Creature, how could a be wrong? Immediately, the biology question explains why it is a

The People's Education Edition of the "Biology" (elective) textbook for the third year of high school"Human body temperature and its regulation"It is mentioned in one section: In a cold environment, the heat dissipation of ** is reduced, the metabolic activity is enhanced, and the heat production is increased. In a hot environment, the amount of heat dissipation increases (but there is no mention of a decrease in heat production).

So in a hot environment, the ratio of heat production and heat dissipation does not necessarily become smaller... For example, when a person is invaded by bacteria, the body temperature rises, heat production increases, and the heat dissipation reaches the maximum, and this ratio is not necessarily small, no matter in hot conditions.

The reason for the error is that the ratios should be equal!

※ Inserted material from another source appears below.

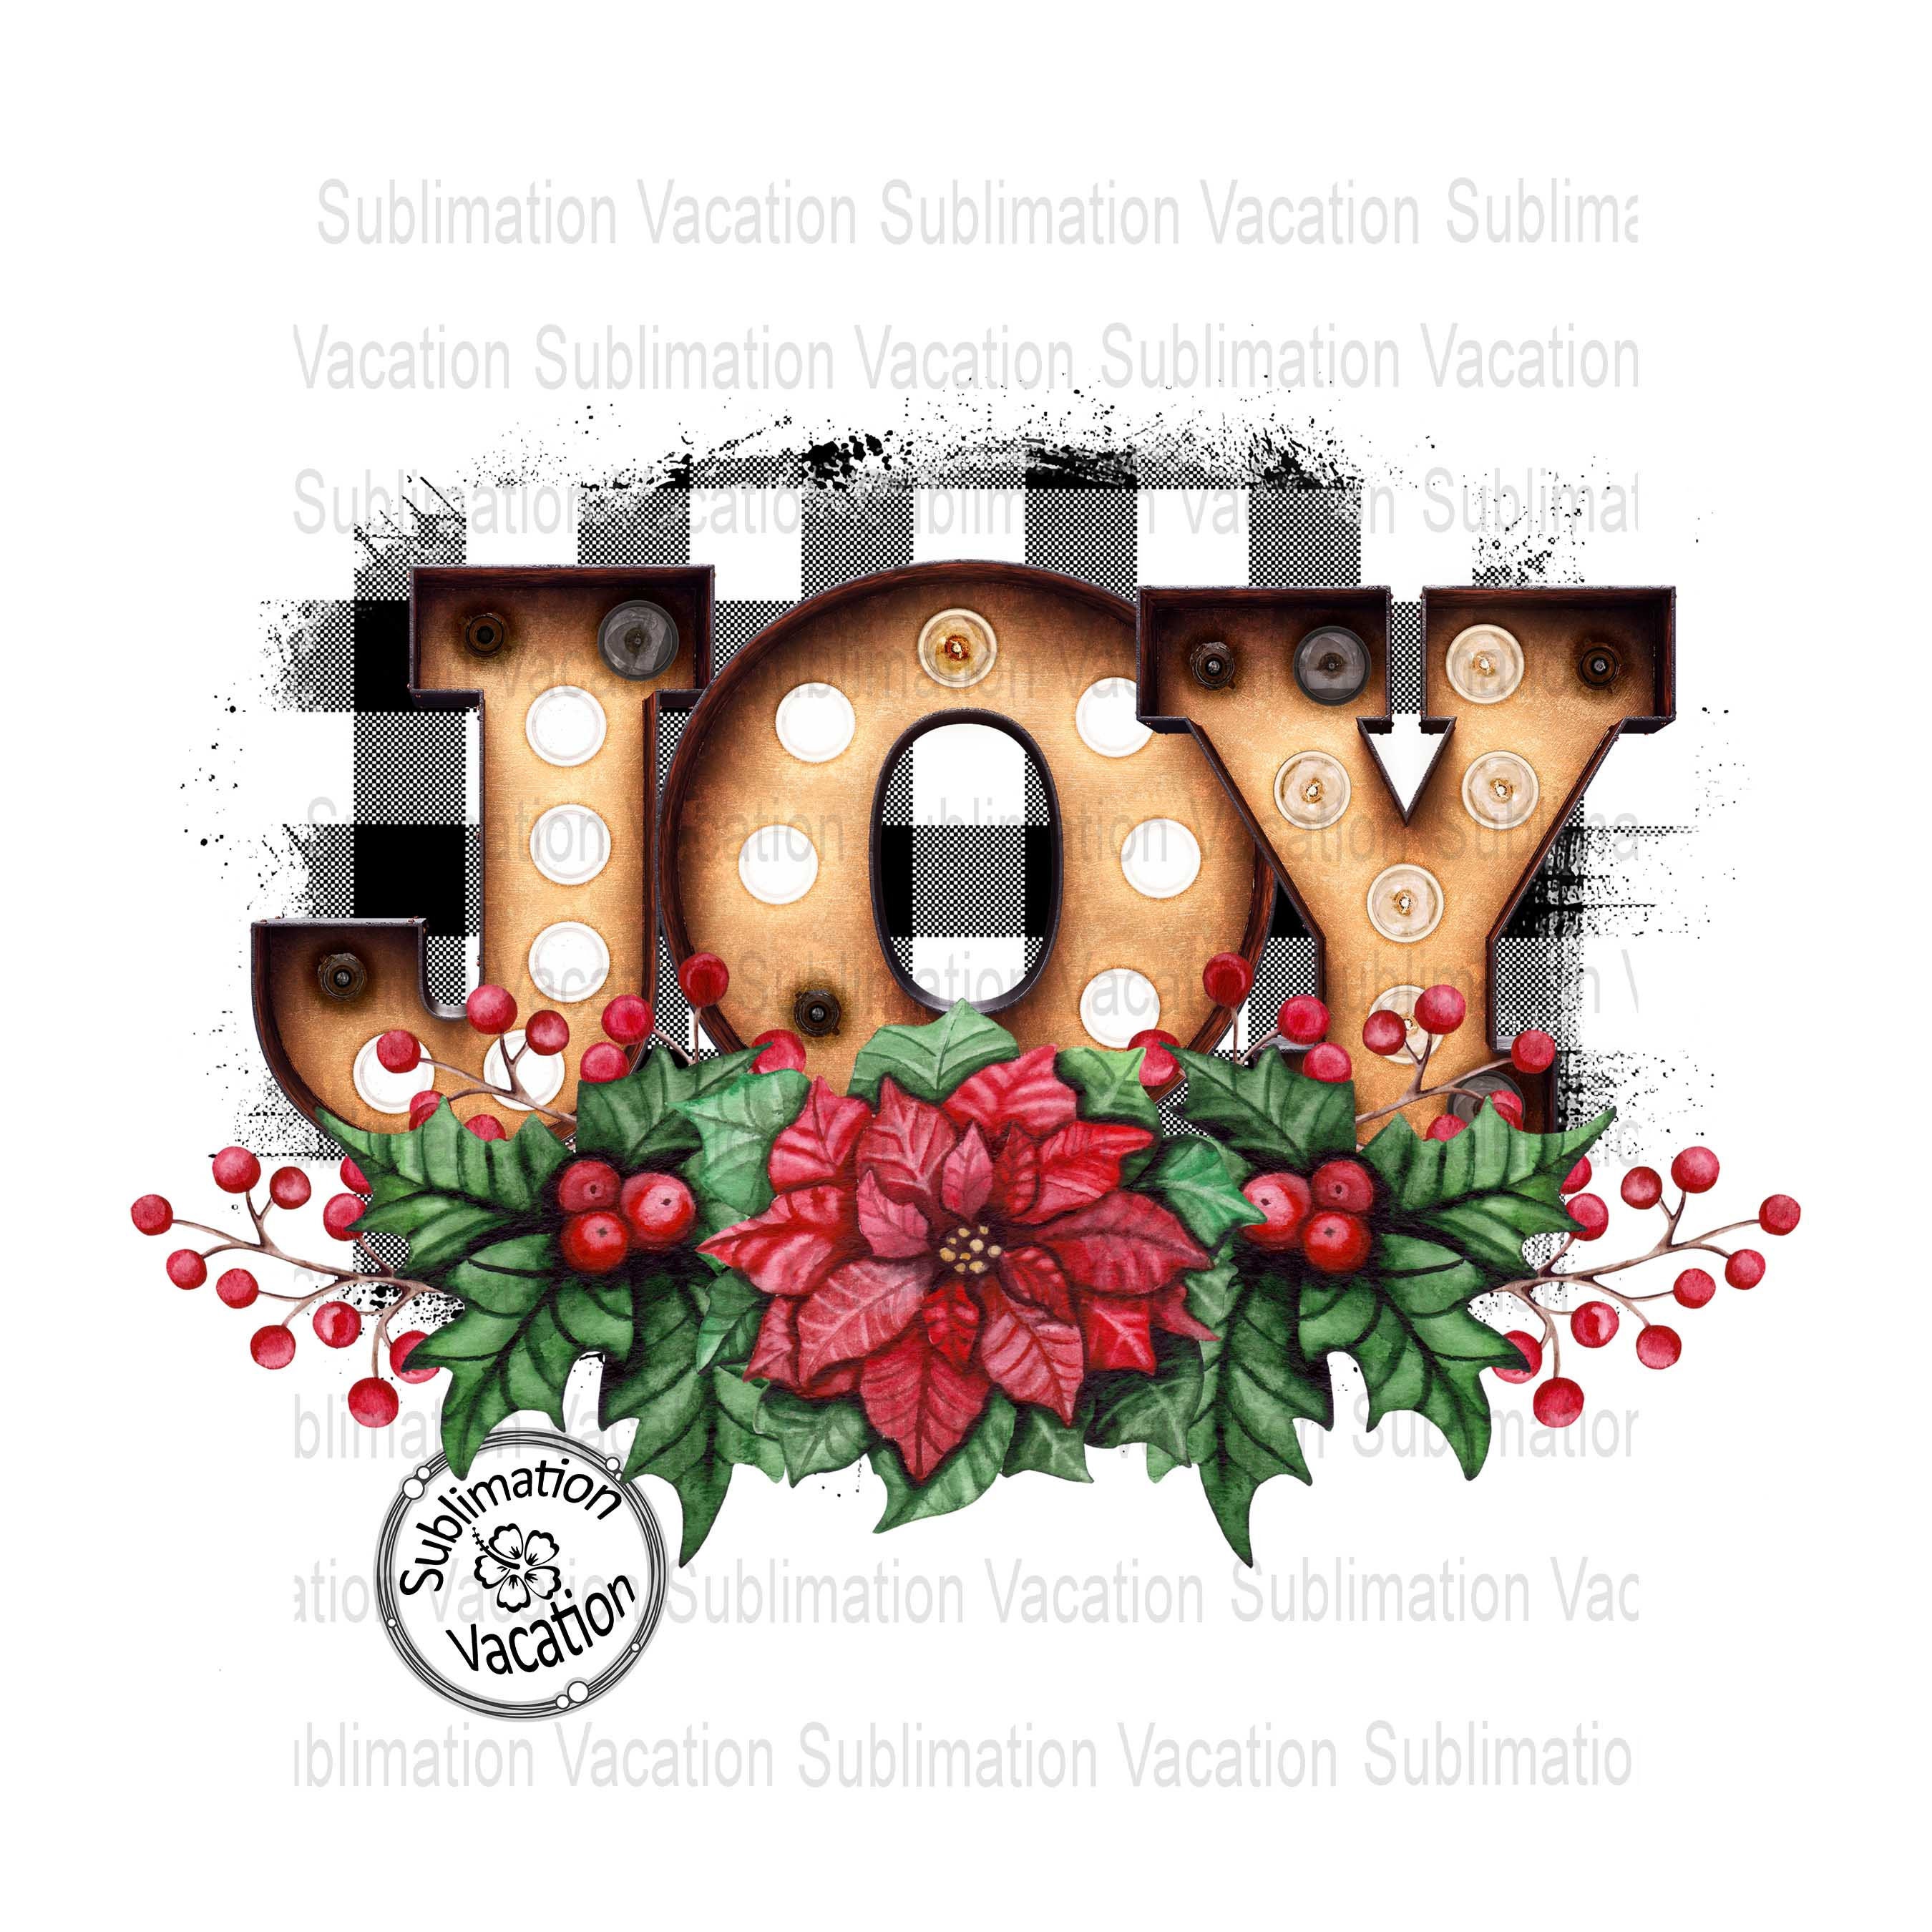 Download Christmas Sublimation Download Joy Design Download Joy Sublimation Design Christmas Sublimation Design Christmas Sublimation Designs Joy Craft Supplies Tools Sewing Needlecraft Delage Com Br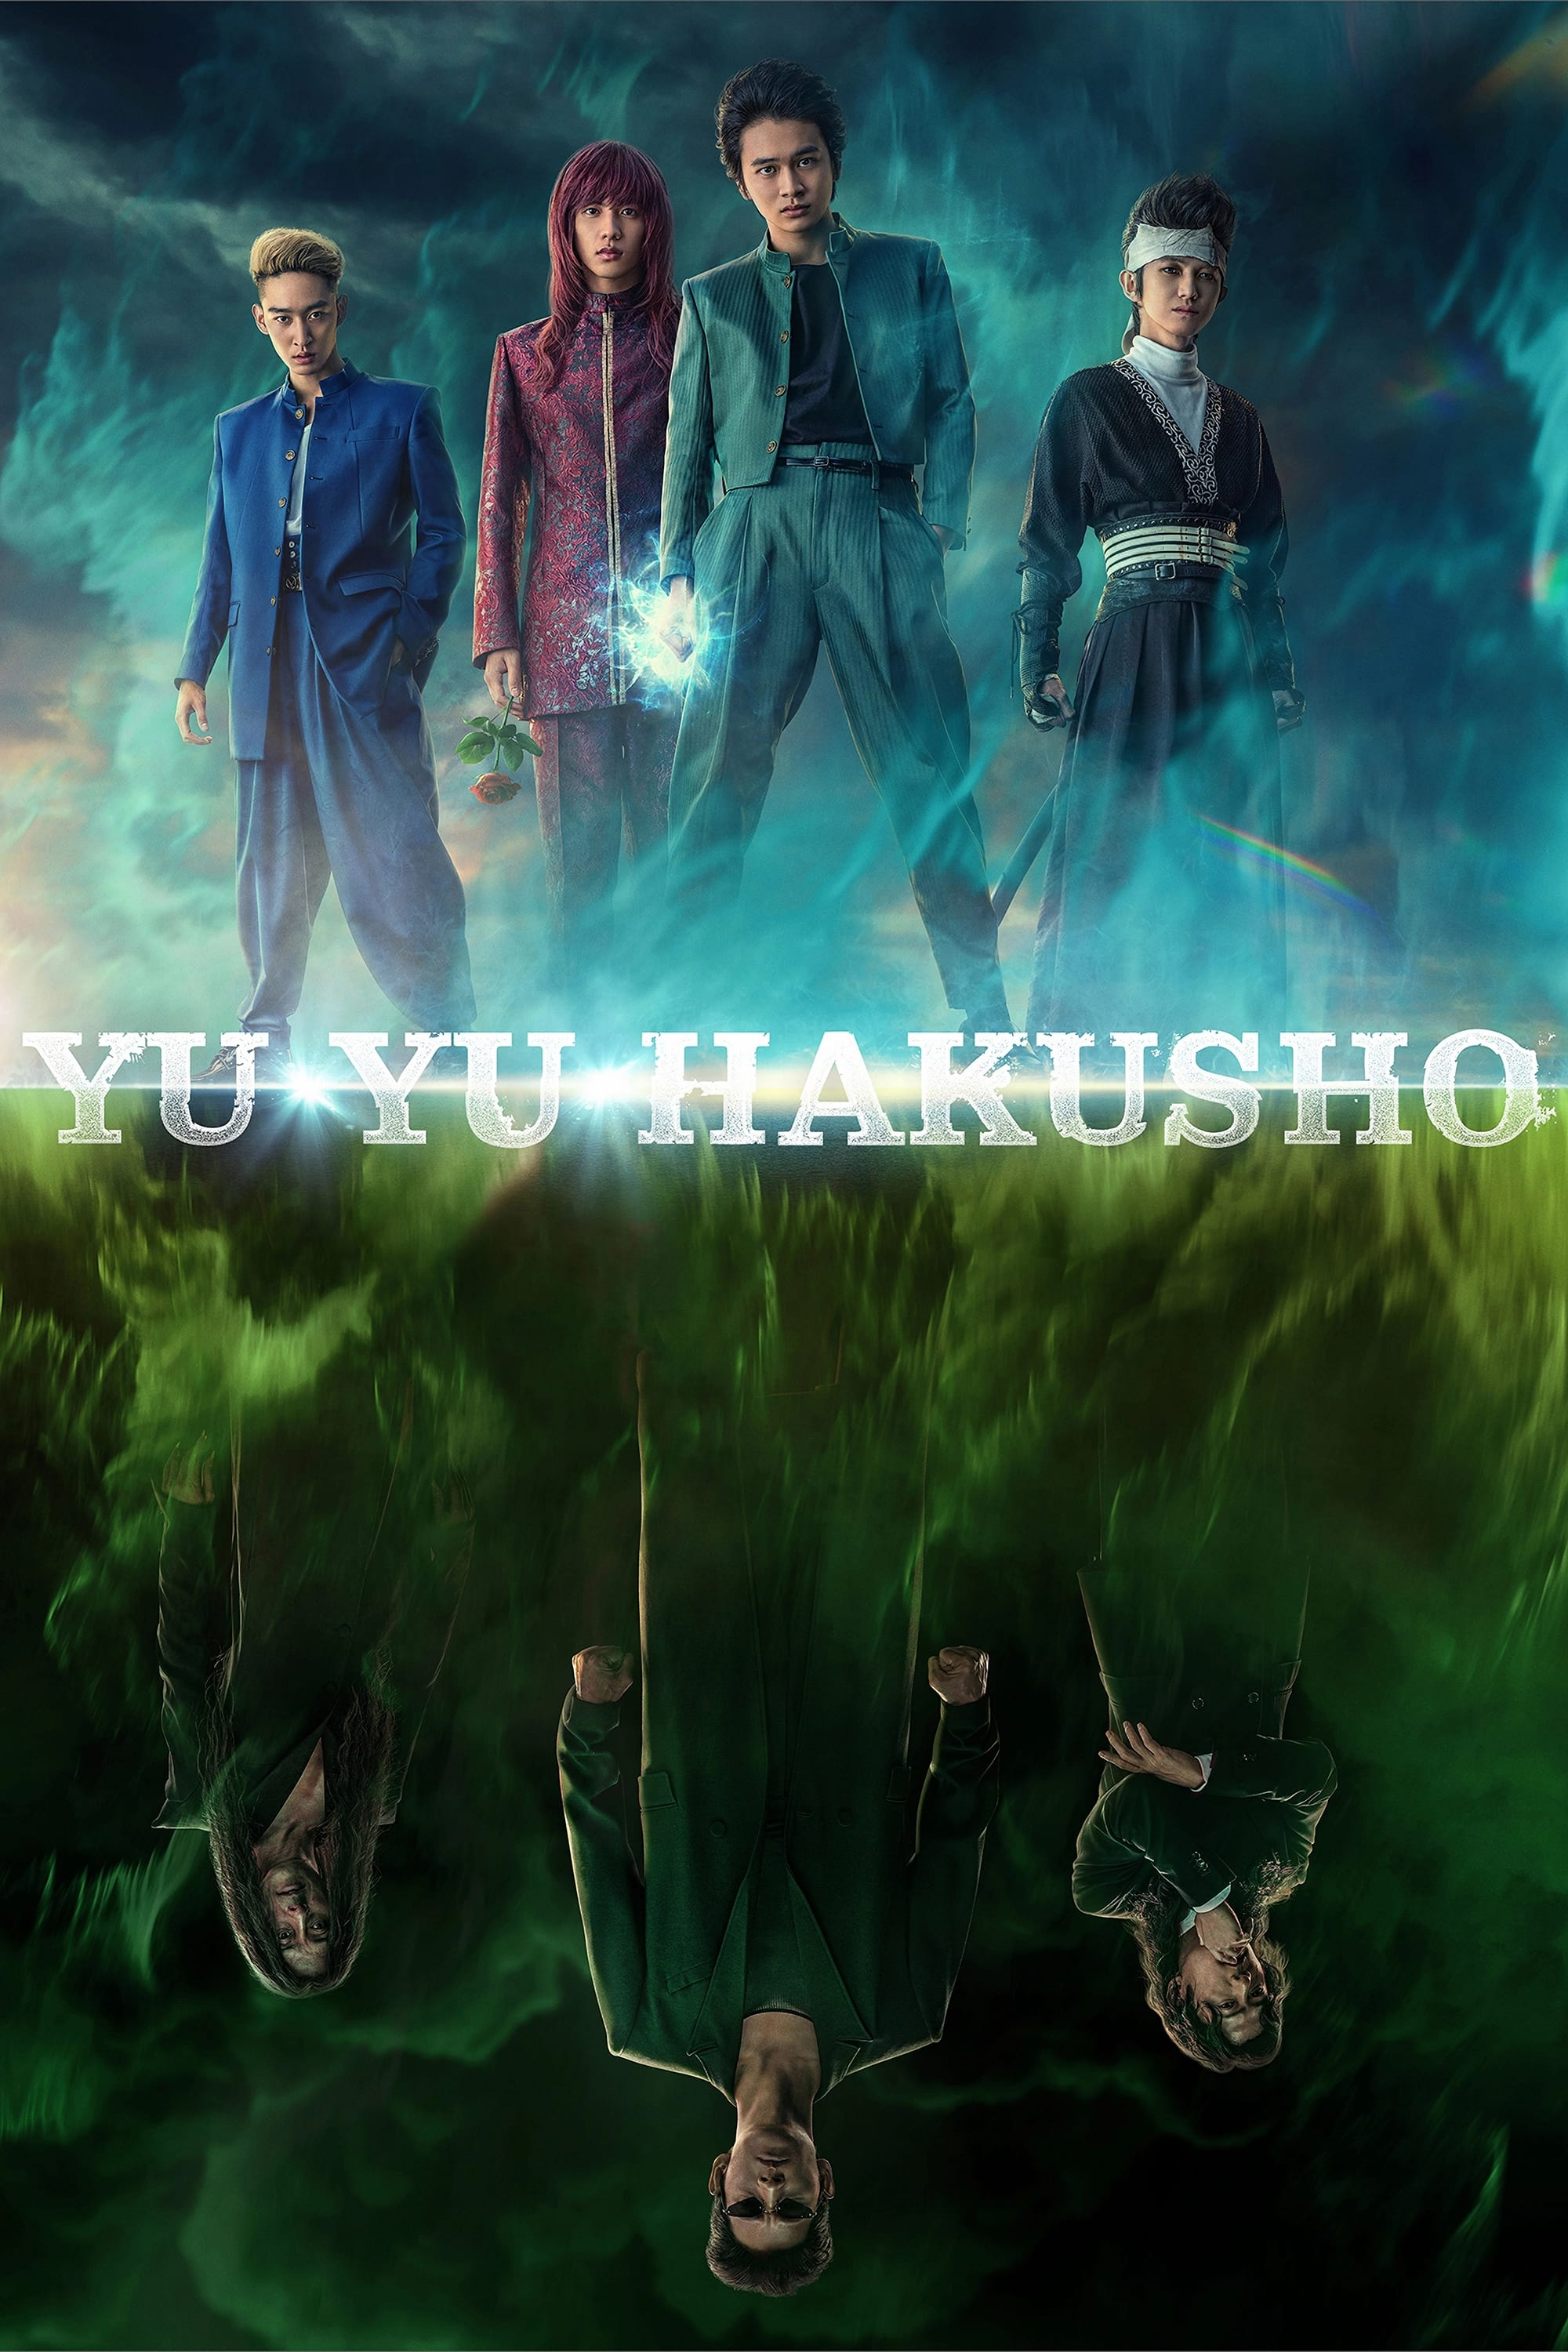 YuYu Hakusho - Assistindo a Luta - Excelente Anime! Bons Tempos !

Explanation: In summer, the ambient temperature is high, the metabolism is accelerated, and the heat generated is more, and in order to maintain the body temperature constantly, there is also more heat dissipation;

In winter, the ambient temperature is low, the metabolism slows down, and the heat generated is less, so in order to maintain the body temperature constantly, there is less heat dissipation!

If the heat production and heat dissipation are unbalanced in the hot environment (for example, the air conditioner is too cold at night, and the heat dissipation is more than the heat production, it will catch a cold), and the heat production and heat dissipation balance in the cold environment should be balanced (if the heat production is always more than the heat dissipation, then the body temperature will always rise instead of 37 degrees), so the A of this question should be wrong, and the ratio of the two cases should be comparable.

In summer, the body produces high heat, and when the temperature inside and outside the body is constant, there will be no heat transfer, but if the temperature outside the body is too high, not only the heat inside the body cannot be dissipated, but the heat from the outside will also be transferred to the body. The same is true for cold environments.

In summer, the weather is hot, so there is no need for too much heat production, so heat production, heat dissipation, and cold in winter, although there are thick clothes, it will be cold, so heat production, heat dissipation, and the above ratio

In summer, you need to sweat to dissipate more heat, and in winter, you need to sweat less and dissipate less heat.

In a hot environment, metabolism strengthens heat production and increases heat dissipation. In cold environments, metabolism is weakened, heat production is reduced, and heat dissipation is reduced. The magnitude of the ratio between the two is unclear and cannot be compared.

aWater is divided into free water and crystalline water.

The more water, the more relative free water.

Free water, on the other hand, has a reaction to the strength of metabolic activity.

The more water, the more metabolic activity there is.

The more material is consumed, the less water is consumed.

Don't be fooled by accurate numbers, many questions nowadays are like this, given accurate numbers, it is confusing.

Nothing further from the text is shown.